«La riduzione molto modesta del cuneo fiscale, compensata da un aumento dell’Iva e dalla Service Tax, non produrrà alcun effetto positivo sulla nostra economia. Anche perché le nuove assunzioni diventano convenienti solo a condizione che ripartano i consumi». Lo afferma Ugo Arrigo, professore di Finanza pubblica all’Università di Milano-Bicocca, secondo cui «ha ragione la Corte dei Conti quando afferma che la nostra tassazione non segue criteri di equità. L’unico criterio è quello di spremere i contribuenti il più possibile». Intervenendo in audizione a Palazzo Madama sulla legge di stabilità, il presidente della Corte dei conti, Raffaele Squitieri, ha parlato di “rischi e incertezze” a proposito della riduzione del cuneo fiscale, e ha aggiunto che la nuova Service Tax “moltiplica il suo peso rispetto alla Tares”.
La riduzione del cuneo fiscale può essere migliorata pur senza stravolgere la legge di stabilità?
Il cuneo fiscale è un grosso problema, soprattutto perché in Italia è a livelli superiori a quelli di qualsiasi altro Paese al mondo, e a maggior ragione di qualsiasi altra nazione sviluppata.
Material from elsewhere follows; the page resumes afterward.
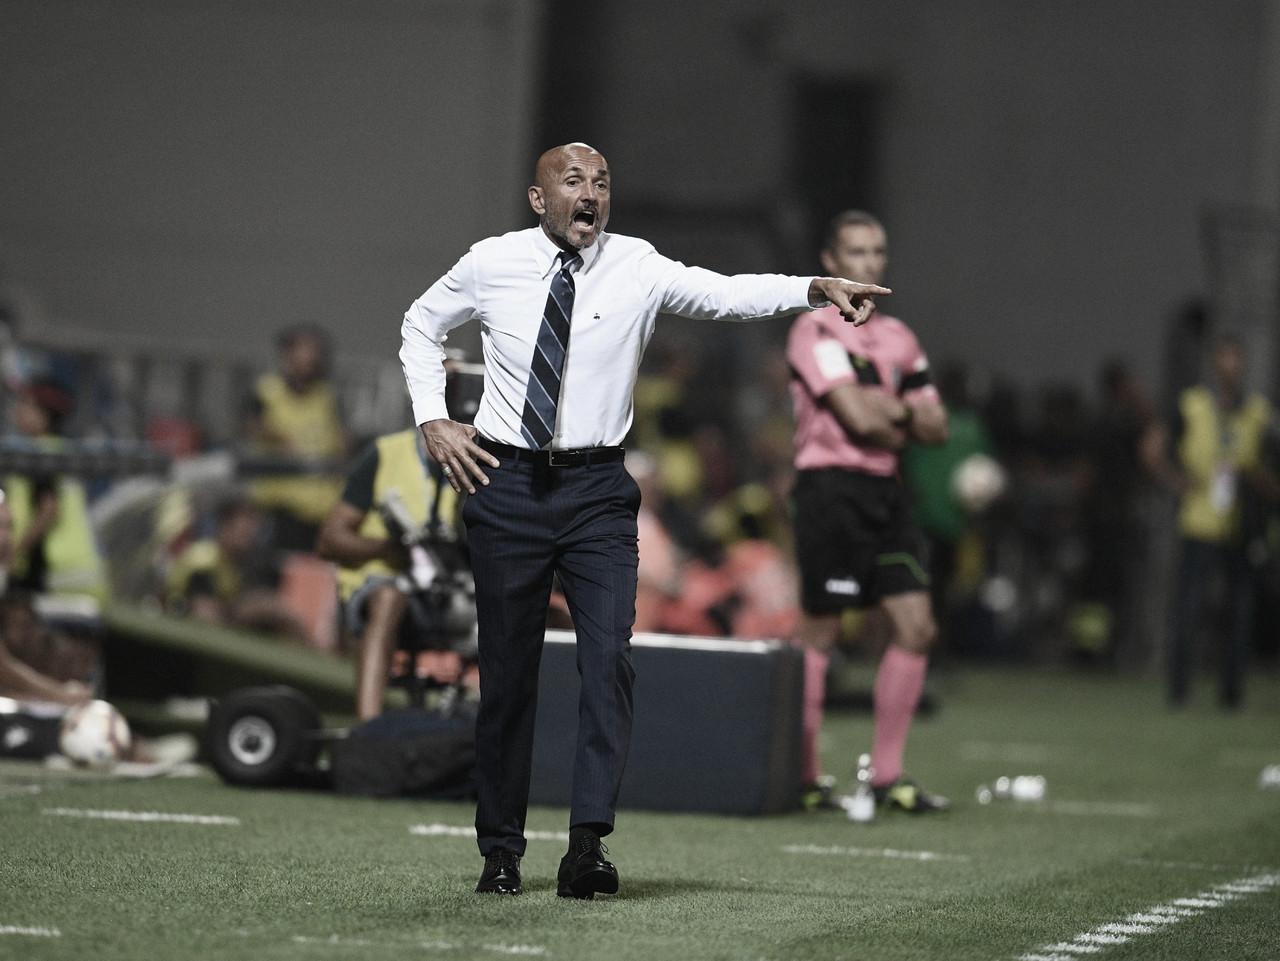 Presidente do Napoli escolhe Luciano Spalletti para substituir Gattuso à beira do gramado

Va quindi ridotto drasticamente, e per farlo occorre agire sulle fonti di spesa pubblica che quel cuneo fiscale va a finanziare. Se la spesa pensionistica è la più alta al mondo in rapporto al Pil, non si può pensare di abbattere le tasse senza prima intervenire a monte. Del resto, finché non ripartono i consumi le tasse sul lavoro possono anche essere più basse, ma le aziende continueranno a non avere la necessità di assumere.
Lei in che modo rimodulerebbe la riduzione del cuneo fiscale?
La vera questione non è rimodularla, ma prendere atto del fatto che il piccolo taglio del cuneo inserito nella legge di stabilità non produrrà alcun effetto espansivo. Sarebbe stato molto più utile se si fosse scelto di abbassare l’Iva al 20%, anche perché in questo caso sarebbero stati sufficienti i 3-4 miliardi a disposizione. Non dimentichiamoci inoltre che le aspettative dei consumatori e delle imprese, dopo il miglioramento di agosto e settembre, a ottobre sono ritornate in calo. Anche i consumi sono migliorati in agosto e peggiorati in ottobre.
Che cosa dovrebbe fare il governo di fronte a questa situazione?
Il governo deve fare un patto con i cittadini garantendo loro che qualunque cosa accada non aumenterà più le tasse, anzi che appena potrà le abbasserà nuovamente. Questo sembrava essere inizialmente l’impegno del governo Letta, ma è stato derogato prima per quanto riguarda l’Iva e poi con la Service Tax che di fatto è una retromarcia rispetto all’Imu. Piuttosto che togliere un’imposta e poi metterne una più alta, è meglio lasciare quella che c’era. Il messaggio che si aspettavano i cittadini era completamente diverso.
Qual è invece il messaggio contenuto in questa legge di stabilità?
L’idea che passa è che il governo, se crede che sia utile, può anche aumentare le tasse ai cittadini. Se le cose stanno così, allora scordiamoci di uscire dalla crisi. Mi auguro che il Pil del terzo trimestre sia lievemente positivo, ma nella migliore delle ipotesi mi aspetto che sia pari a 0. E il motivo è che non vedo segni di cambiamento di rotta.
Non c’è quantomeno un effetto simbolico legato a una riduzione sia pur minima del cuneo fiscale?
Ci sarebbe se non ci fosse un aggravio di altre imposte. Il cittadino italiano non ha la percezione di guadagnarci dall’abbassamento del cuneo fiscale, tenuto conto dell’imposta Iva al 21% e della Service Tax. Capisco quindi che una riduzione possa avere un effetto simbolico, ma non lo si può fare quando contemporaneamente si lascia che altre imposte aumentino.
Il governo è ancora in tempo per cambiare idea sull’Iva?
È inutile fare cose pasticciate. Molto meglio ritornare sui propri passi riducendo l’imposta sui consumi. Quando questi ultimi ripartiranno si avrà più gettito, perché aumenterà la base imponibile, e quindi ci si potrà dedicare al cuneo fiscale. Ha però poco senso partire dal cuneo fiscale, perché le imprese con un minor cuneo fiscale avrebbero un lievissimo miglioramento di conto economico, ma sostanzialmente sul fronte dell’assunzione di persone nuove, cioè della propensione ad aumentare il personale, ciò non produrrà alcun effetto.